My 4 days home was one room flat, with quite cozy kitchen, a lot of japanese spycies, and big windows. Henry has made me a launch – pasta with fish and salad… Isn’t it a nice feeling when you are somewhere and somebody you don’t know yet is preparing you launch while you’re taking first shower in 2 days?

As Henry was working, I didn’t want to disturb him, I went for a walk in the city. Actually, to be more precise, he gave me his old, crapy bike and I went on a ride with it. Half of the way I was thinking that I will break, another half – I was surprised how it didn’t brake. Anyway, it broke just next day.

I’m terribly bad with maps, I don’t understand, why if in map it’s shown that you should turn to the left, in real life you should turn to the right… The consequence of me, not having good relationship with them, is quite cleer – one hour of looking for one street which was supposed to take me to East Side Gallery. Anyway, I didn’t lose my hope and last guy, whom I asked where was that street, said that I should go just 4 km further and I’ll see it… Sonnellea, or something like this is still one of those streets which you remember with fear.

Berlin, 2013

Berlin, 2013

Anyway, after that 1 hour of riding everywhere, passing park, full of wheet smell, I found what I was looking for. The Wall. The paintings. The words for freedom. The sense of humour. ย The atmosphere. I was trying to imagine what did those people who paintend it, felt. What was their emotional state in that moment. What was the feeling to live in Berlin in 1989. I was 4 in that moment… What was the feeling to see people from the other side of the wall. What was the feeling to wake up next morning of August and realize, that you already live in another world… It should have been so amazing, emotional and interesting.

East side gallery

East side gallery

 

… evening eating hamburgers and drinking german beer went just fine. To be hosted by someone you don’t know is amazing experience. You never know what you’ll meet, where you’ll sleep, but probably for sure you’ll get some inspiring stories.

Berlin has something. Something special. It is not city like, for example, Rome, full of ancient stuff, ancient stories and histories. No, it’s the heart of the history of XX century. It’s the reminder of what was done and alert that it shouldn’t repeat. The history can’t repeat itself, but first of all we have to learn and to understand it.

This is what I liked the most of Berlin – being honest and not trying to avoid the responsability. Like, I guess, one president of Germany has said: we are not responsible for what has happened 50 years ago, but we are responsible for what will happen next. Just brave and wise nation could say this.

to be continued…

  • Berlin (theadventurousintrovert.wordpress.com)

The soul of freedom

… I woke up at 7am that day and the first thought in my mind was: TODAY! Today I’m putting my backpack on my back, today I’m going on the road and nobody knows what will happen.
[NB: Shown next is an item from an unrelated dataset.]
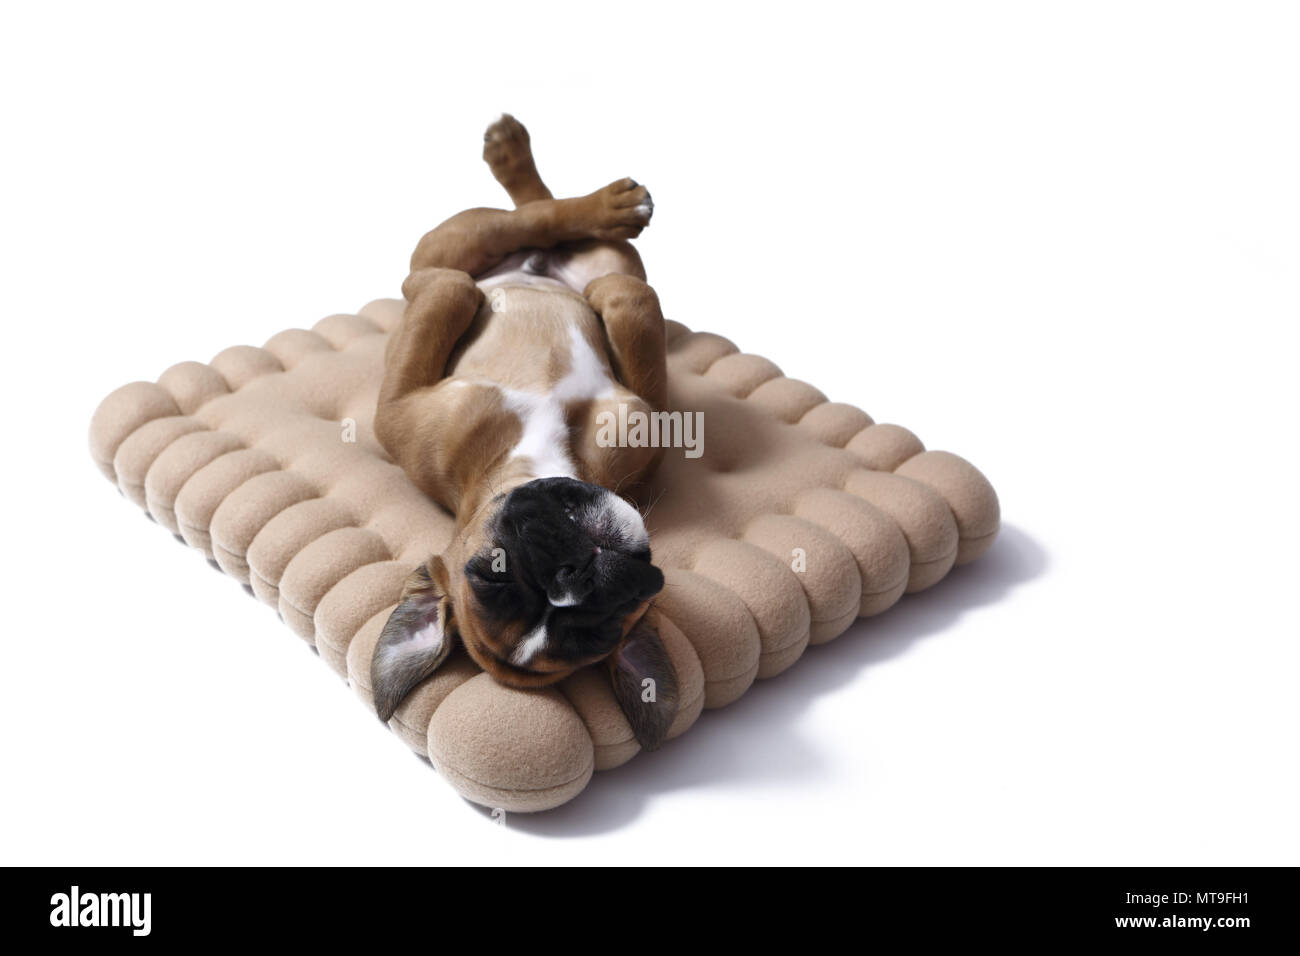 Boxeur allemand. Puppy (7 semaines) de dormir sur un coussin en forme de cookie. Studio photo Banque D'Images

Today I will learn to wait and see, that I never can be sure about anything, each moment is a surprise.

I guess, this is one of the most important points of travelling. During the travels I discover, that even the most obvious things can turn around and become the huge surprises having big influence to the life, or at least to the way of thinking.
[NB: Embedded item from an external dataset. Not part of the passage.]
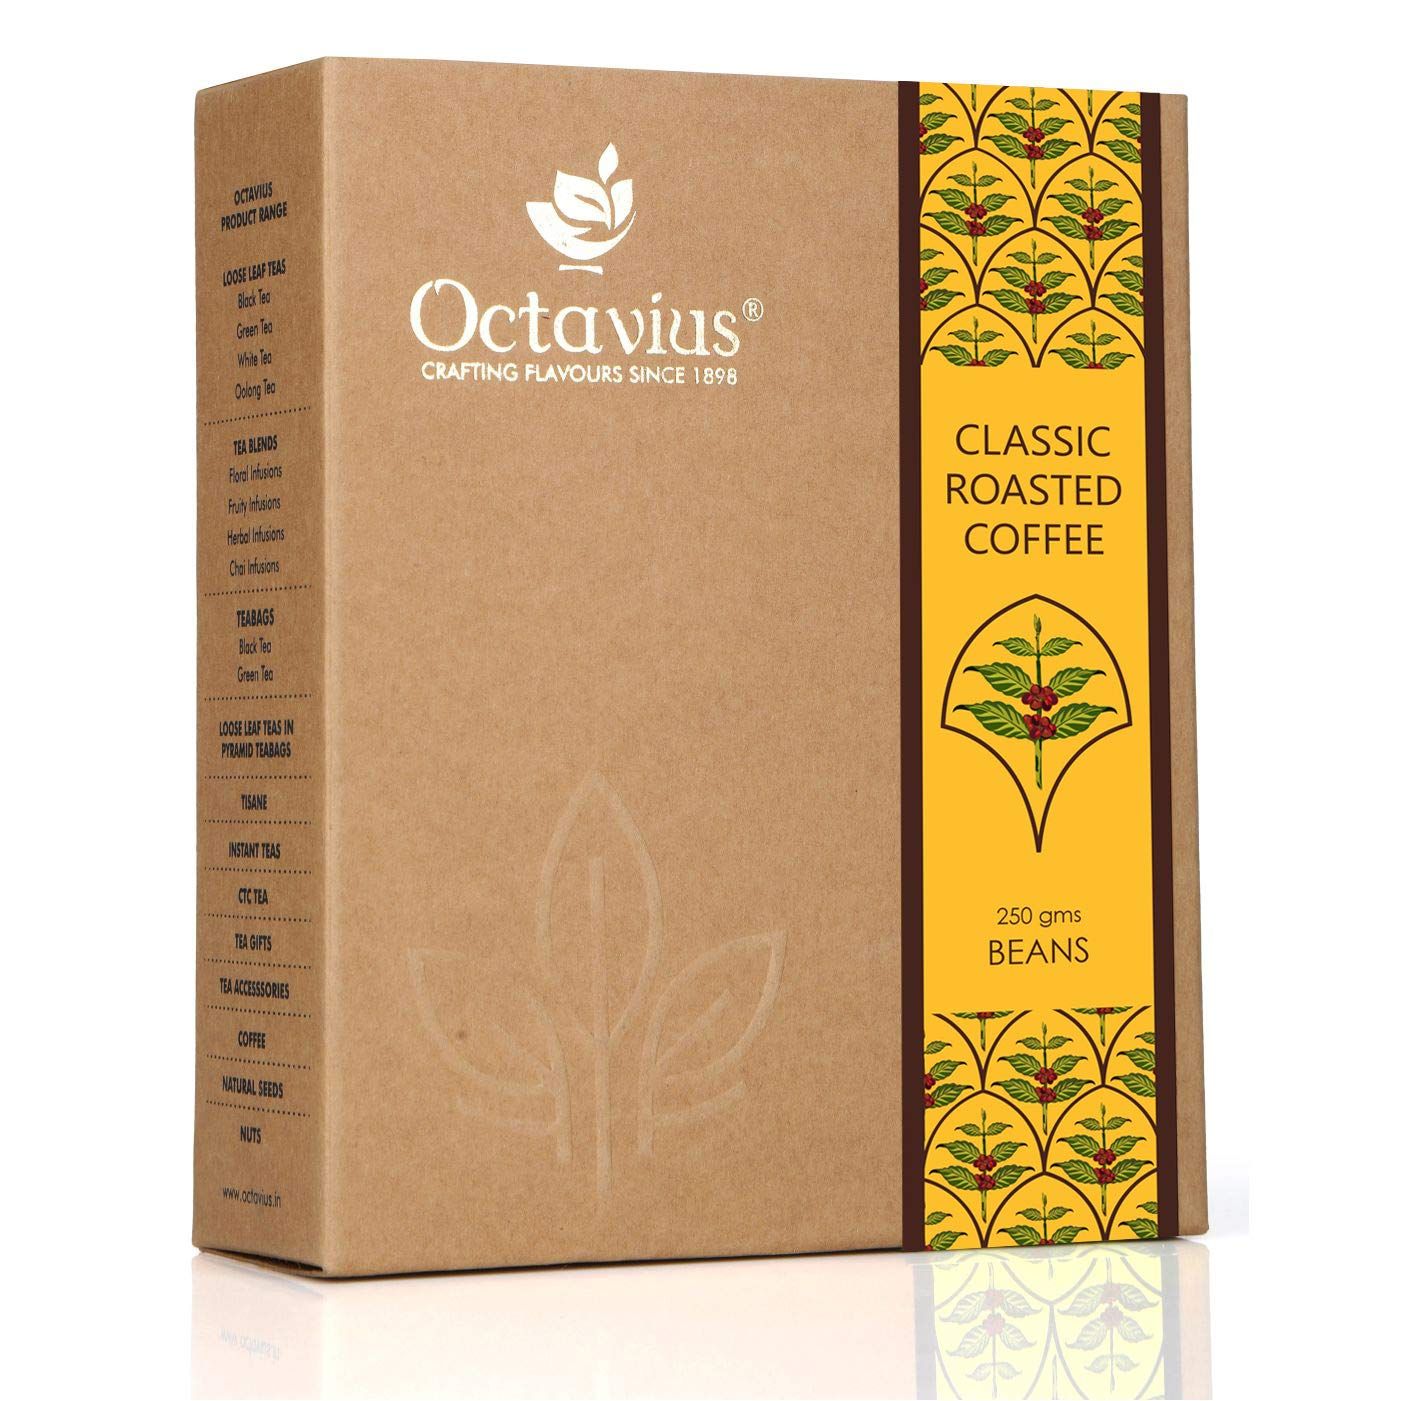 Octavis Classic Roasted Coffee Image

So, That day, especially morning,was full of waiting and inpatience. I was turning around in my room, making my bag, taking the things off and putting them back again. Counting the passing moments until I have to put the bag on and go. And just before leaving my home, I saw on FB one job offer. If I had sent them my CV, they would have taken me. I have no doubts. Almost. But I didn’t. I decided, that if there was this job offer, it will be more, but now I need to go. Go to Germany, Spain, and later Denmark.

… we met on the road at 1pm. My friend was ready for a travel, and we both started to go until “good point” where we could start to hitch-hike. Our plan was to do this in two days, because one night seemed too perfect plan. In 10 min. first truck has stopped and the man behind the steering-wheel in polish told us that he goes to Poland. As it was our direction, we didn’t make any more questions. Later he discovered that he is going to some village which was on the way to Poznan, some 450km from Lithuania. In the other words, it was almost a half way of the trip with the first car!!!!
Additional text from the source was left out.